I. Working principle of thermal relay
Thermal relays are protective electrical devices used for overload protection of motors or other electrical equipment and circuits.
In actual operation, such as when driving production machinery, if an abnormal situation occurs in the machinery or an abnormal circuit causes the motor to encounter an overload, the motor speed will decrease, the current in the windings will increase, and the temperature of the motor windings will rise. If the overload current is small and the overload time is short, the motor windings will not exceed the allowable temperature rise, and this overload is permissible. However, if the overload time is long and the overload current is large, the temperature rise of the motor windings will exceed the allowable value, causing the motor windings to age, shortening the motor's service life, and in severe cases, even causing the motor windings to burn out. Therefore, this type of overload is unacceptable for the motor. A thermal relay utilizes the principle of the thermal effect of current to disconnect the motor circuit when an overload occurs that the motor cannot withstand, providing overload protection for the motor.
When using a thermal relay for overload protection of a motor, the thermal element is connected in series with the motor's stator winding, and the normally closed contact of the thermal relay is connected in series with the control circuit of the AC contactor's electromagnetic coil. The current setting knob is adjusted so that the V-shaped lever and the push rod are at an appropriate distance apart. When the motor is operating normally, the current through the thermal element is the motor's rated current. The thermal element heats up, and the bimetallic strip bends, causing the push rod to just contact the V-shaped lever without pushing it further. The normally closed contact is in the closed state, the AC contactor remains engaged, and the motor operates normally.
If the motor is overloaded, the current in the winding increases. This increased current in the thermal relay element causes the bimetallic strip to heat up further, bending more. This pushes the V-shaped lever, which in turn pushes the normally closed contact, causing it to open and disconnect the AC contactor coil circuit. This releases the contactor, cuts off the power to the motor, and stops the motor, thus providing protection.
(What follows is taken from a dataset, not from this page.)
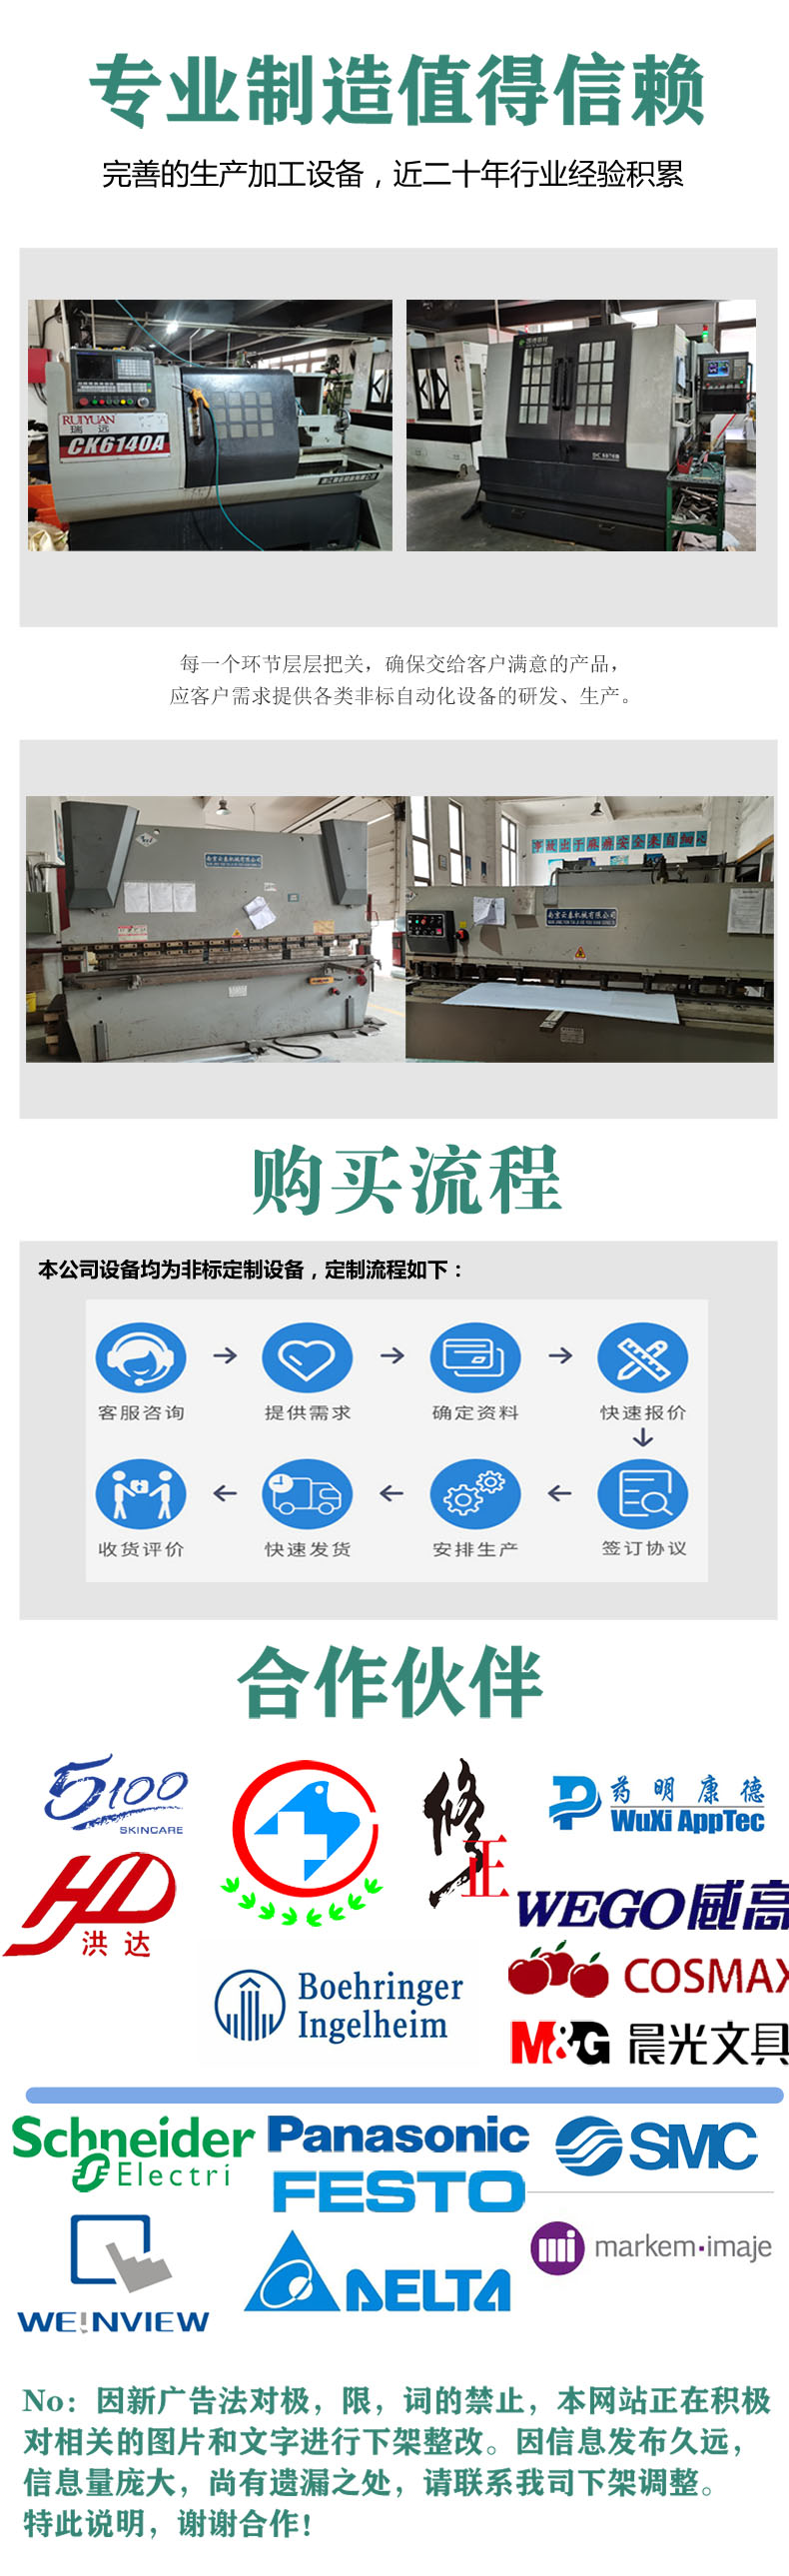 Shengqi manufacturer specializes in providing fully automated and unmanned automatic material handling machines that can be customized

The functions of the other parts of the thermal relay are as follows: The left arm of the herringbone lever is also made of bimetallic strip. When the ambient temperature changes, the bimetallic strip in the main circuit will deform and bend to a certain extent. At this time, the left arm of the herringbone lever will also deform and bend in the same direction, so that the distance between the herringbone lever and the push rod remains basically unchanged, ensuring the accuracy of the thermal relay's operation. This function is called temperature compensation.
Screw 8 is the normally closed contact reset adjustment screw. When the screw is positioned to the left, after a motor overload, the normally closed contact opens, and after the motor stops, the bimetallic strip of the thermal relay cools and resets. The moving contact of the normally closed contact automatically resets under the action of the spring. At this time, the thermal relay is in automatic reset mode. When the screw is rotated counterclockwise to the right to a certain position, if the motor is overloaded at this time, the normally closed contact of the thermal relay opens. Its moving contact will swing to a new equilibrium position on the right. After the motor stops due to power failure, the moving contact cannot reset. The moving contact can only reset after the reset button is pressed. At this time, the thermal relay is in manual reset mode. If the motor overload is faulty, the thermal relay should be manually reset to avoid easily restarting the motor. To switch the thermal relay from manual reset mode to automatic reset mode, simply turn the reset adjustment screw clockwise to the appropriate position.
II. Thermal relay function
It is mainly used for overload protection of asynchronous motors. Its working principle is that when an overload current passes through a heating element, it heats and bends a bimetallic strip, which in turn pushes an actuating mechanism to actuate the contacts, thereby disconnecting the motor control circuit and stopping the motor, thus providing overload protection. Because the heat transfer during the bending process of the bimetallic strip takes a relatively long time, thermal relays cannot be used for short-circuit protection, but only for overload protection.
The phase loss protection function of the thermal relay is provided by a differential amplification mechanism composed of inner and outer push rods. When the motor is working normally, the current through the thermal element of the thermal relay is normal, and both the inner and outer push rods move forward to the appropriate positions. When a phase loss occurs due to a power outage, the current in that phase is zero, the bimetallic strip of that phase cools and resets, causing the inner push rod to move to the right. The bimetallic strips of the other two phases bend more due to the increased current, causing the outer push rod to move further to the left. Due to the differential amplification effect, the normally closed contact is pushed to open within a very short time after the phase loss fault occurs, causing the AC contactor to release, and the motor to stop and be protected.